Es gibt in diesem ganzen Prozess auch wichtige Herausforderungen, die geklärt und bearbeitet werden müssen. Diese seien hier nur ansatzweise genannt:

  • Welche Rolle spielt die Kirchenmitgliedschaft in diesen neuen Gemeinden, weil sie sich ja vorrangig an nichtkirchliche Menschen richtet? Aus der Beteiligung und dem Mitwirkenden von Nicht-Mitglieder ergibt sich die Frage, wofür kirchliches Geld ausgegeben werden soll. Diese Frage muss irgendwo entschieden werden (und wird ja auch in Deutschland aktuell breit diskutiert, wie der Essay von Erik Flügge zeigt).
  • Welche informellen Wege sind für eine Beteiligung möglich, wie beispielsweise Kommunikation über WhatsApp? Wie flexibel sind wir als Kirche da mit den neuen Datenschutzgesetzen?
  • Die katholische Kirche in Deutschland lebt ein Territorialprinzip. Eine Gemeindeneugründung müsste also einer Pfarrei zugeordnet werden. Wie kann diese Anbindung geschehen und wo entstehen daraus auch Gefahren für das Neue durch Abwertung oder Vereinnahmung?
  • Wie gelingt die notwendige neue Rollenfindung bei Hauptamtlichen und Ehrenamtlichen, wenn Ehrenamtliche immer mehr Verantwortung übernehmen und Hauptamtliche immer mehr zu Ermöglicher*innen werden (sollen)? Und dazu passt die Frage, welche theologische Fortbildung es für die mitarbeitenden Laien braucht?
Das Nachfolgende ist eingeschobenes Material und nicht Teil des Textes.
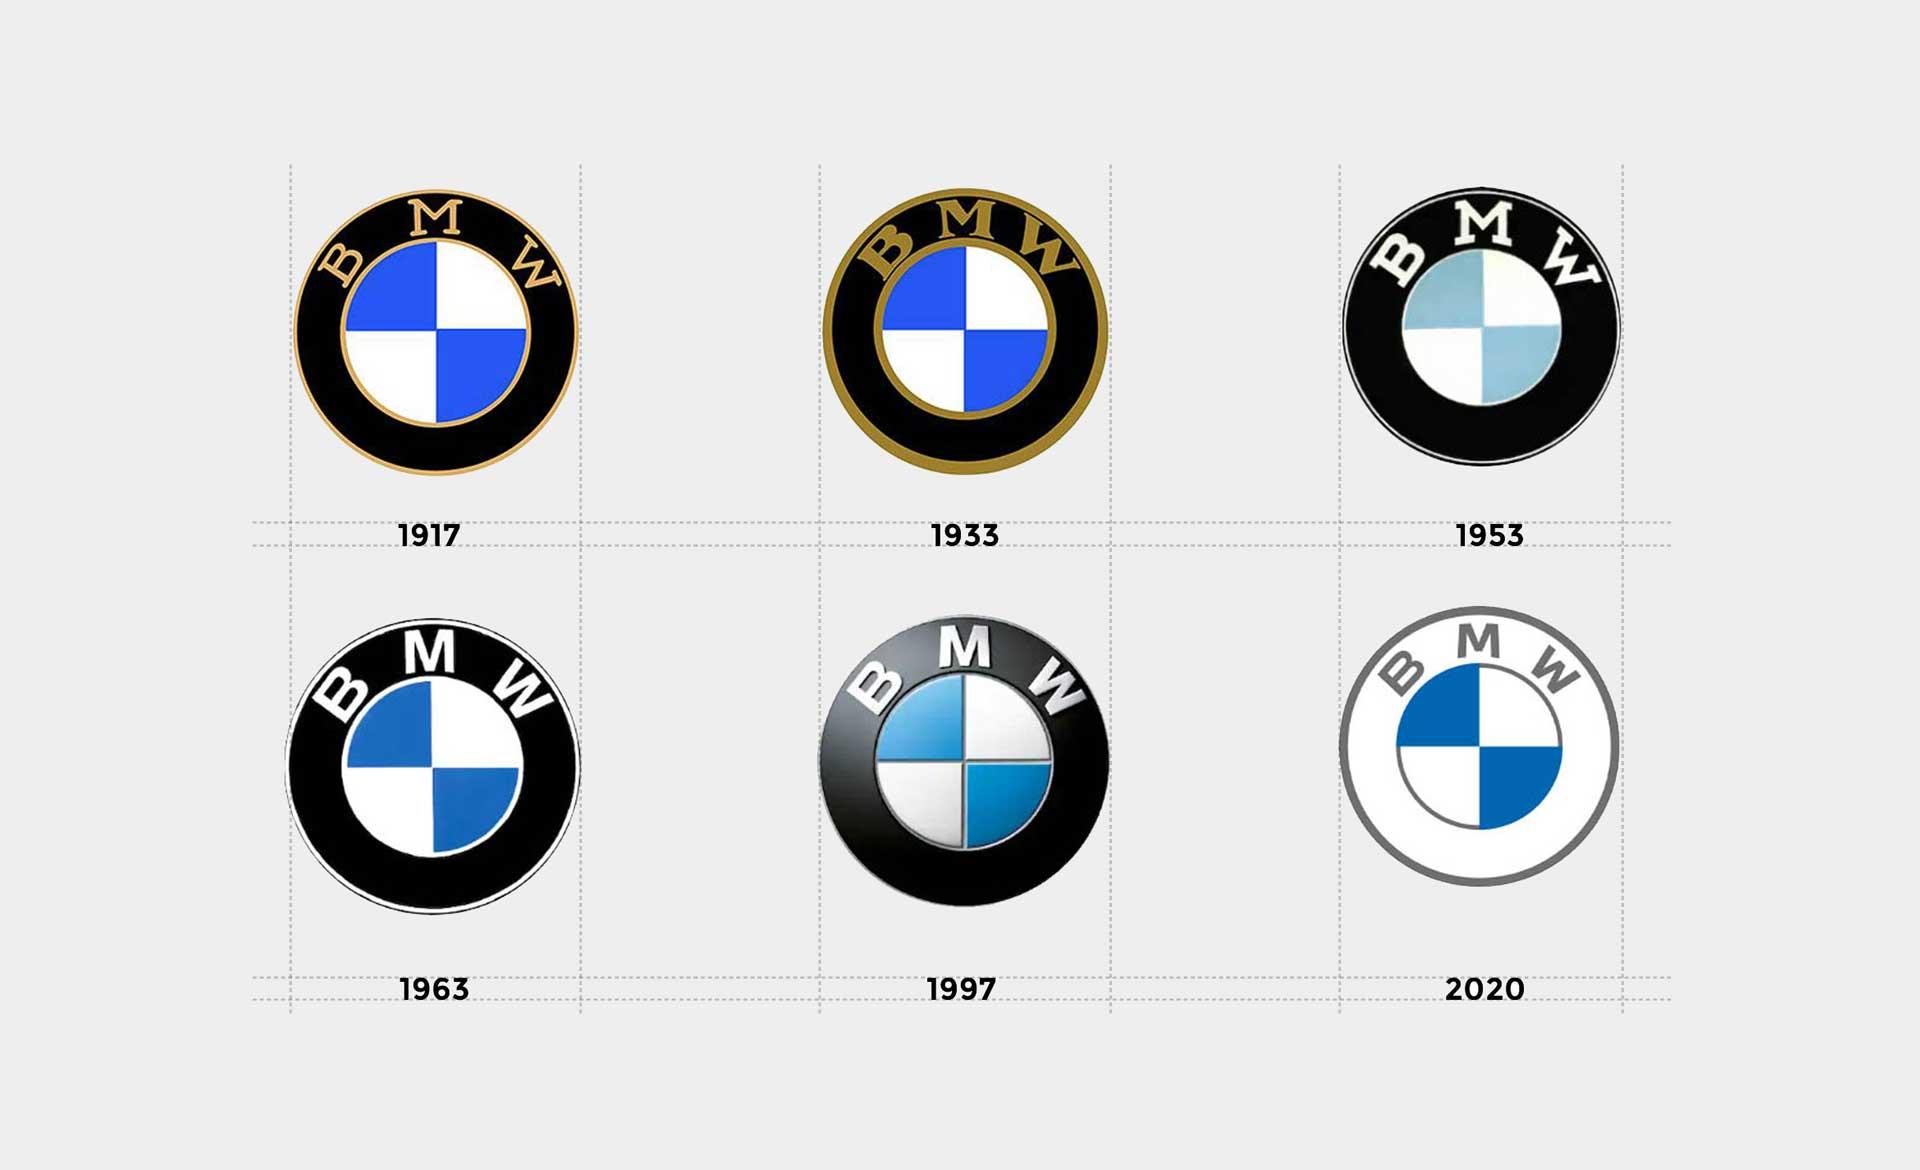 Projektowanie logo firmy - żelazne zasady dobrego logo. historia loga bmw

Mir persönlich imponiert an diesem Prozess, dass nach einer ehrlichen Analyse eine mutige Richtungsentscheidung getroffen wurde, um die kirchliche Praxis grundlegend zu verändern und zu erweitern. Beide Faktoren können ermutigend und beispielhaft vor allem für die katholische Kirche in Deutschland sein, denn Gemeindeneugründungen sind hier die Ausnahme.

Zum Weiterlesen

Vielen Dank an Martijn Vellekoop, den Koordinator des Pionierprogramms, für die Anregungen. Er hat kirchenentwicklung.de auch zwei Broschüren in deutscher Sprache zur Verfügung gestellt, die wir hier gerne zum Download zur Verfügung stellen:

 

1 Der Gemeindebegriff wird in Deutschland sehr kontrovers diskutiert. Im Erzbistum Hamburg zeichnet sich eine Gemeinde u.a. dadurch aus, dass sie sich regelmäßig zur Eucharistie versammelt. Im Bistum Münster liegt der Schwerpunkt der Definition auf der Christusmitte und dem Sendungsimpuls, in anderen Diözesen werden andere Schwerpunkte gesetzt. Ich möchte diese pastoraltheologische Diskussion an dieser Stelle nicht führen, weise aber darauf hin, dass dies mit bedacht werden muss.